Julia is a high-level, high-performance, dynamic programming language primarily used for technical and numerical computing. It combines the ease of use of Python and R with the speed of C++, making it particularly well-suited for data science, machine learning, and large-scale numerical analysis. Julia’s syntax is user-friendly and it has the ability to handle mathematical notation naturally, which is a big plus for scientists and engineers. A key feature of Julia is its performance, achieved through just-in-time compilation. This makes it comparable in speed to traditionally compiled languages. Julia also allows easy integration with other languages, offering a great balance between performance and productivity, making it increasingly popular in both academia and industry.

6. Python

Python stands out for its simplicity and readability, making it highly accessible for scientists who may not be professional programmers. As an interpreted language, Python can be slower than compiled languages. However, its extensive range of libraries (like NumPy, SciPy, and Pandas) for scientific computing, data analysis, and machine learning has made it a popular choice. Python acts as a ‘glue’ language, allowing for the integration of components written in other languages like C and Fortran, therefore mitigating its performance limitations.

7. SQL

SQL, or Structured Query Language, is a specialized language used for interacting with relational databases, a type of database that organizes data into tables that can be linked by relationships. Unlike general-purpose programming languages like Python, which are designed for a wide range of tasks, SQL is specifically tailored for database management tasks such as querying, updating, and managing data.
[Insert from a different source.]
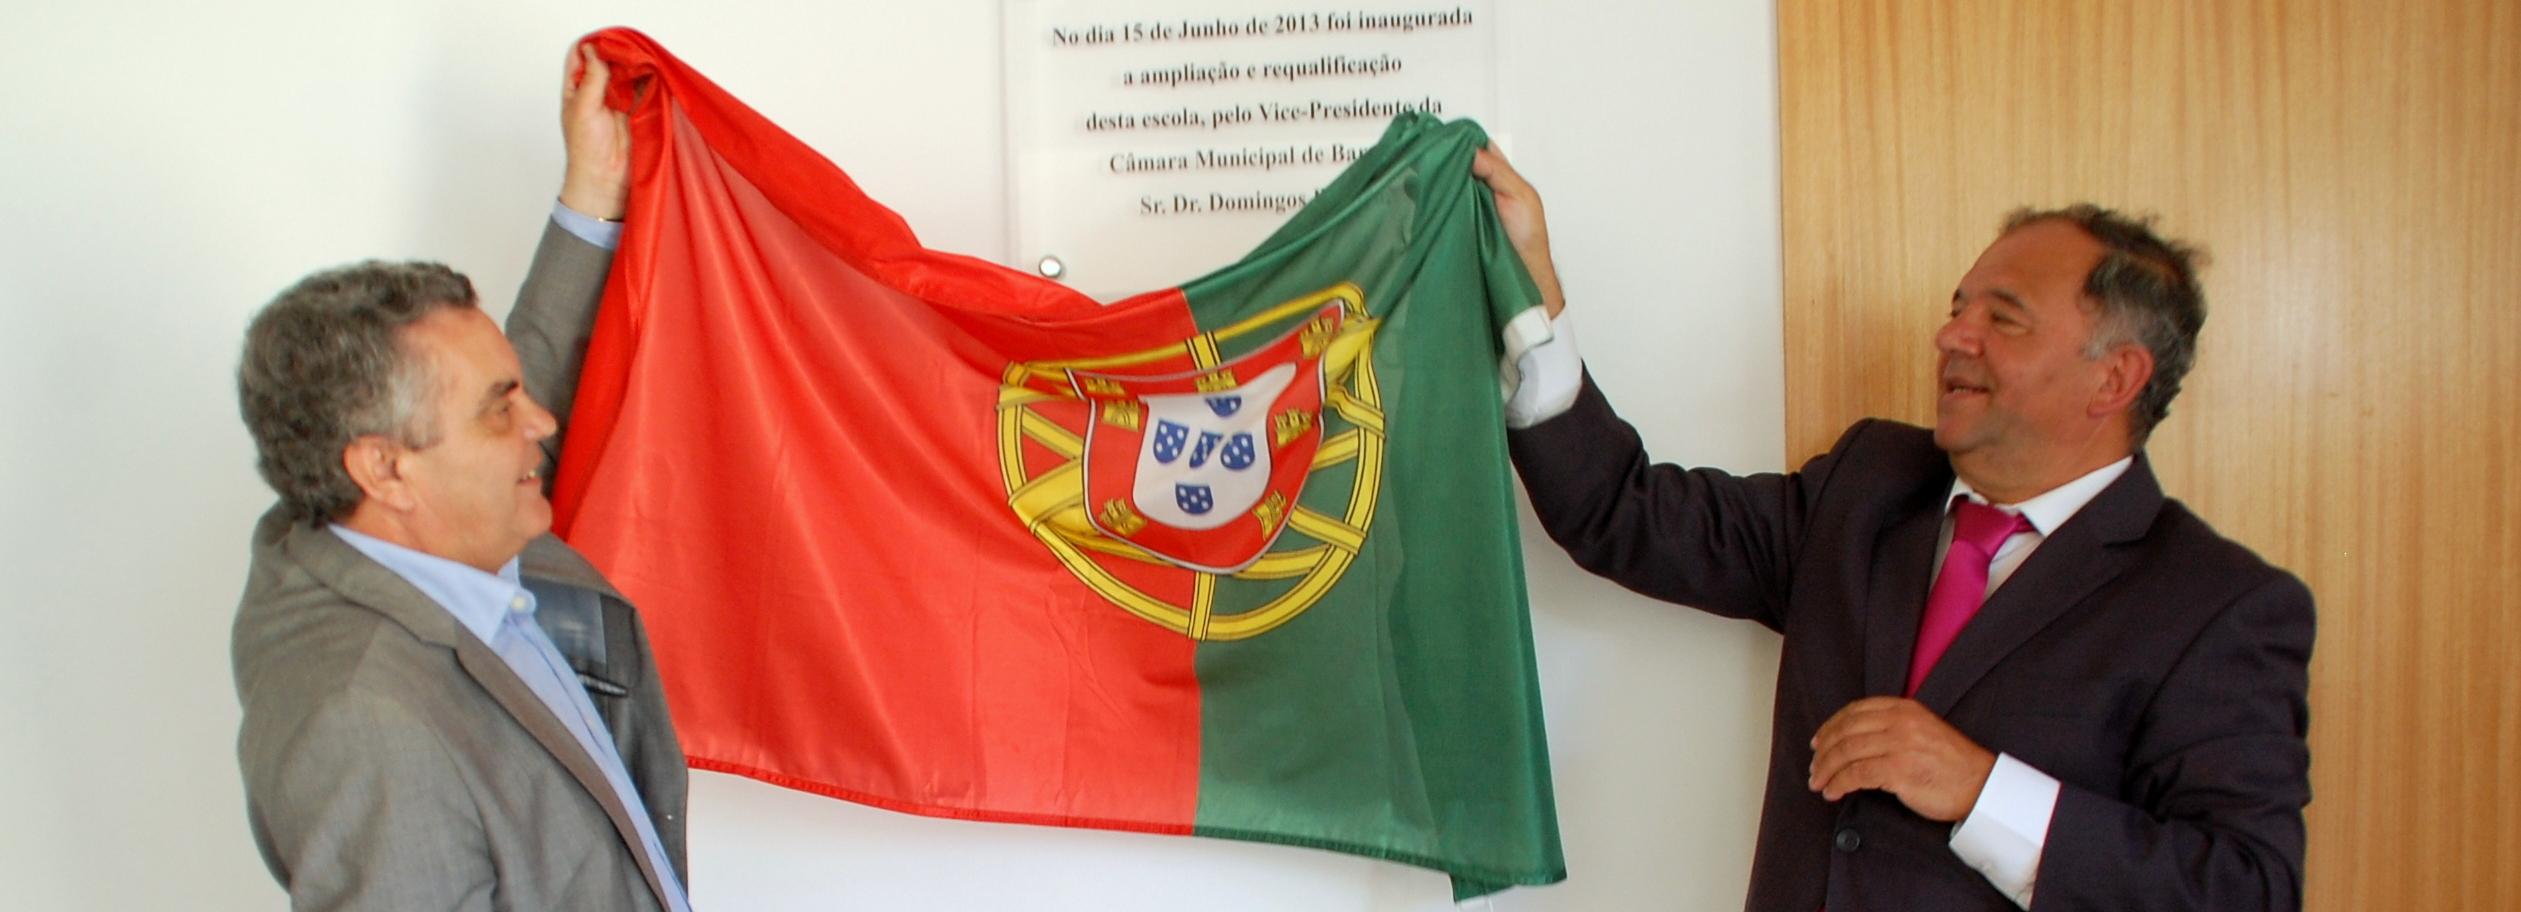 Vice presidente da Câmara inaugurou ampliação e requalificação da EB1 de Alheira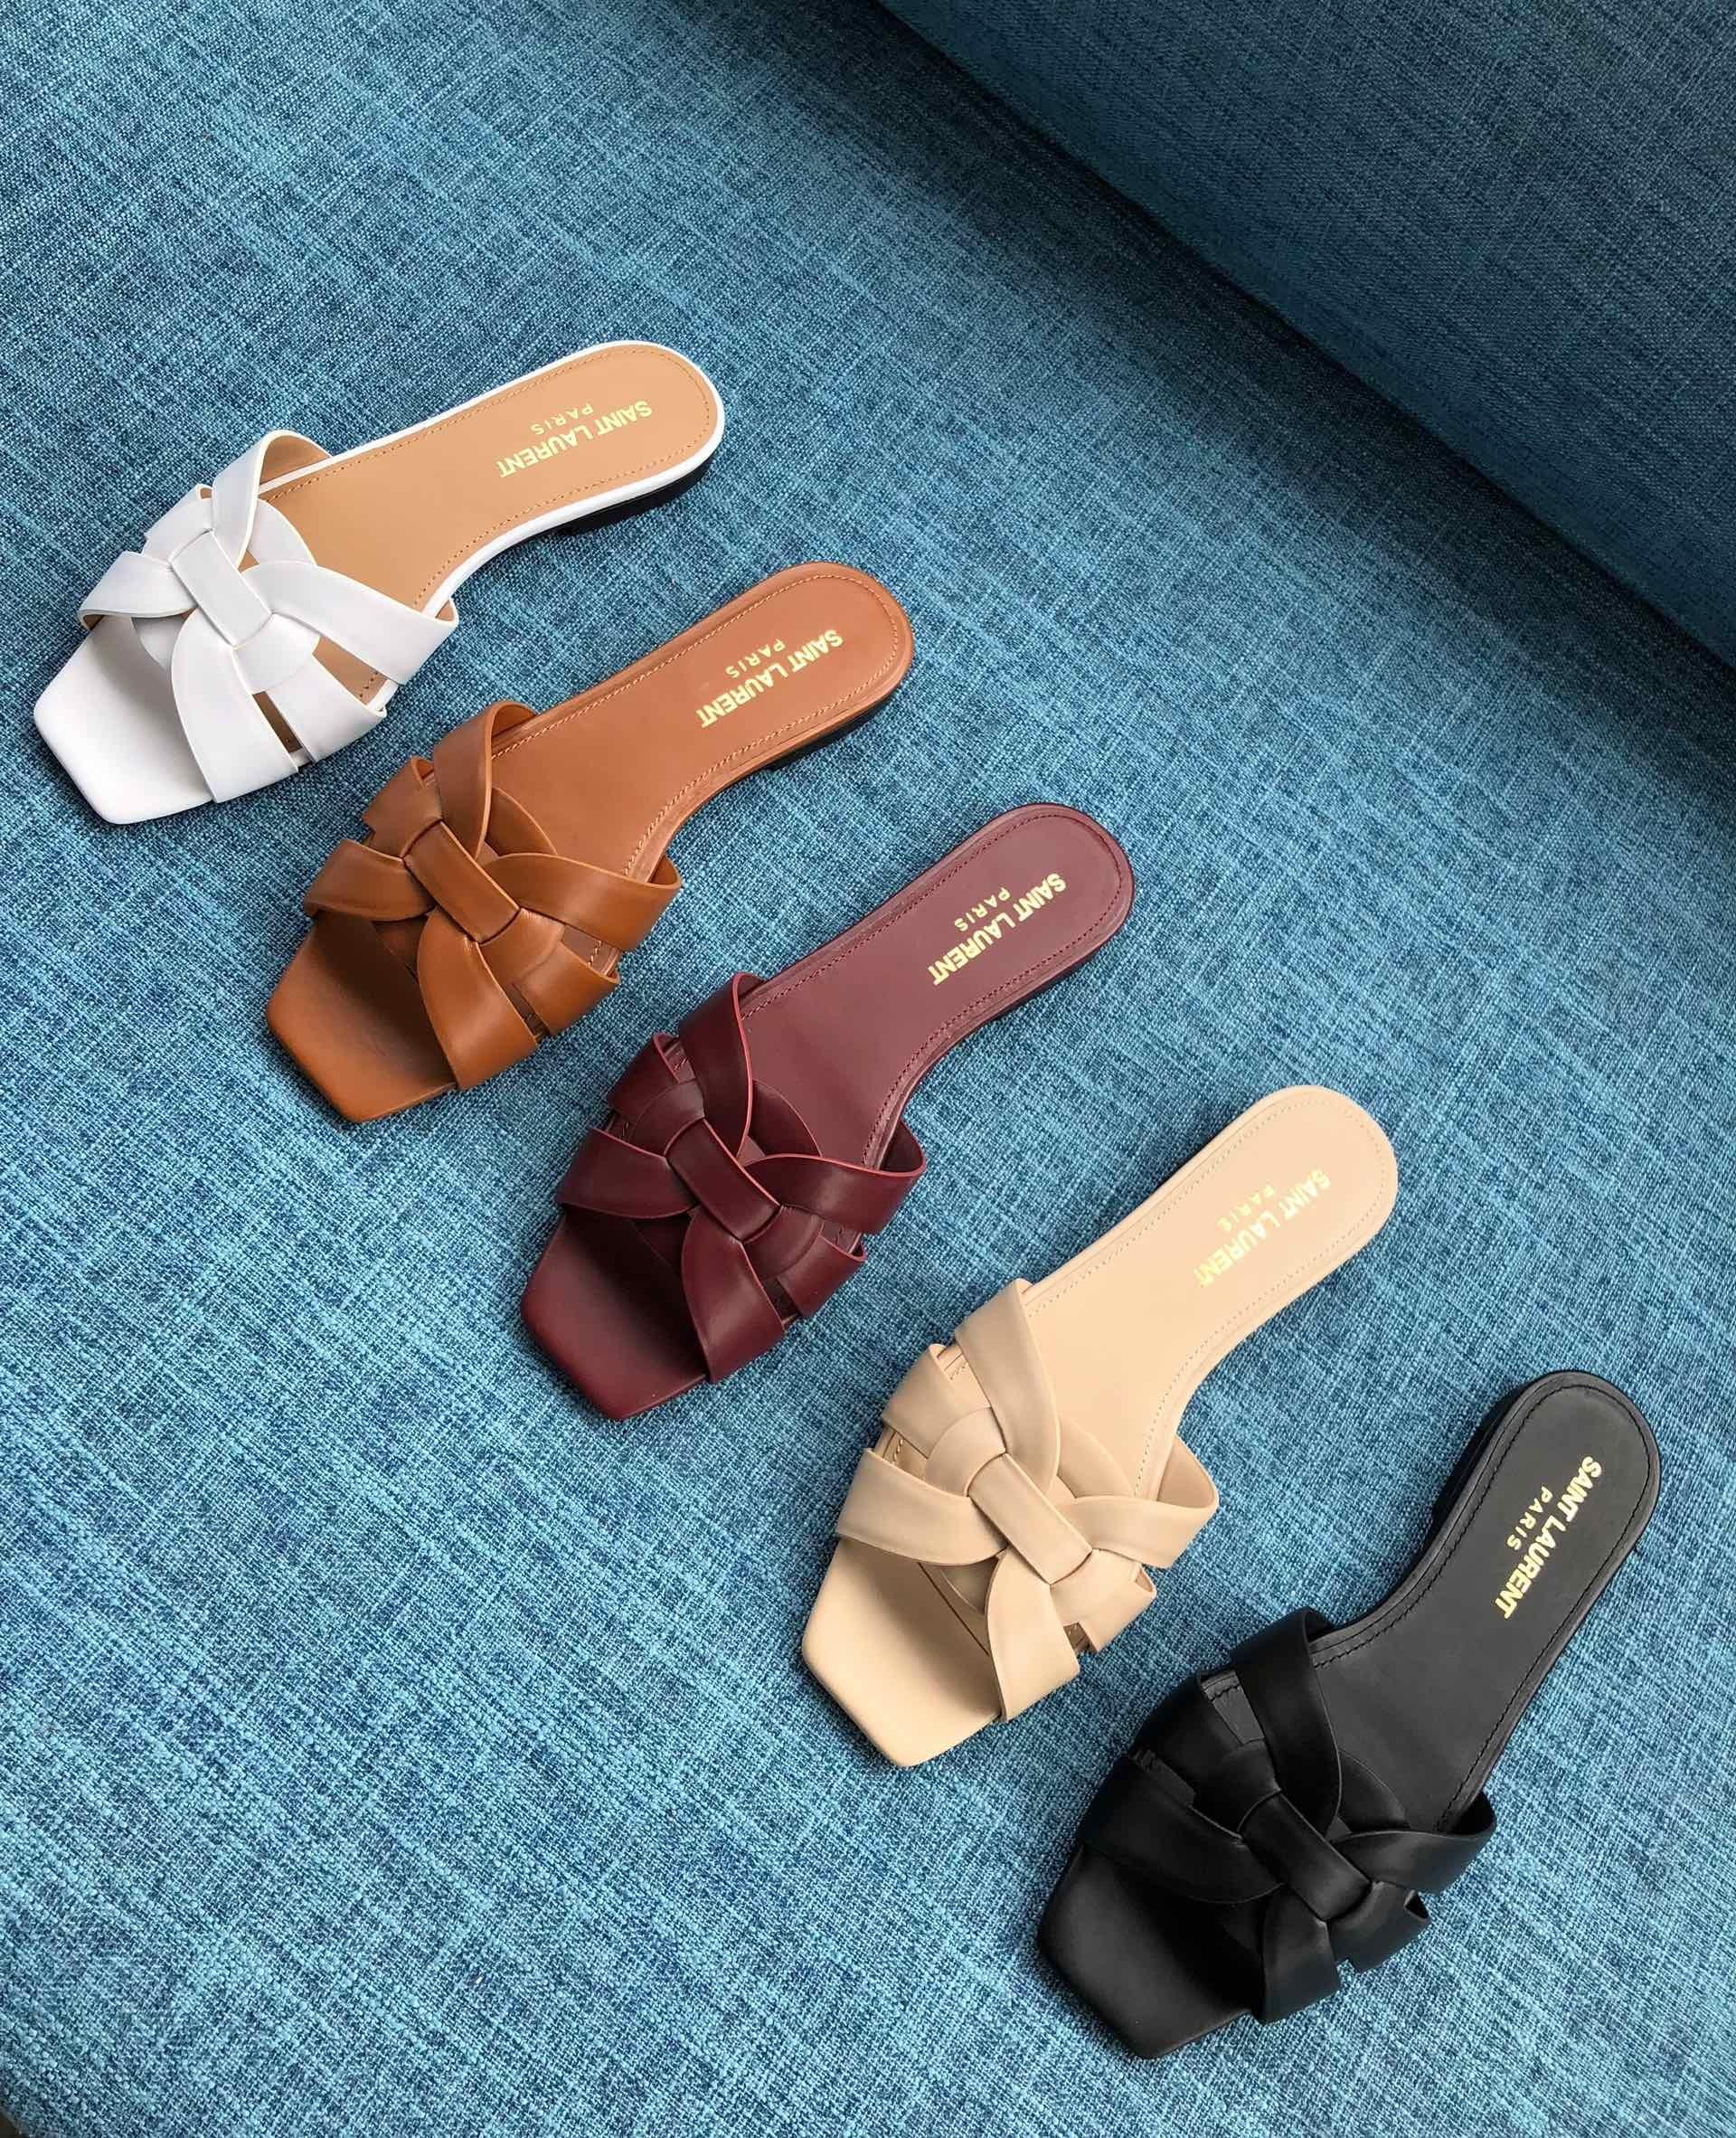 haute qualité à chaud printemps-vente 2019 nouvelles chaussures de plage en cuir sandales plat pantoufles de marque d'été Femmes grandes

Relational databases structure data into tables, each resembling a spreadsheet with rows and columns very much like our Pandas Data Frames. The power of a relational database lies in its ability to efficiently handle much larger volumes of data (than Python/Pandas). Relationships between tables can be achieved through common columns, known as keys. This structure is particularly useful for complex queries, and any sort of standardized data manipulation.

In the context of scientific computing, SQL and relational databases serve a different purpose compared to previously mentioned languages like Python. While Python is used for numerical analysis, algorithm development, data processing and visualization, SQL is used for managing and querying structured data. It excels in scenarios where data is stored in a relational format, and there’s a need for robust data management.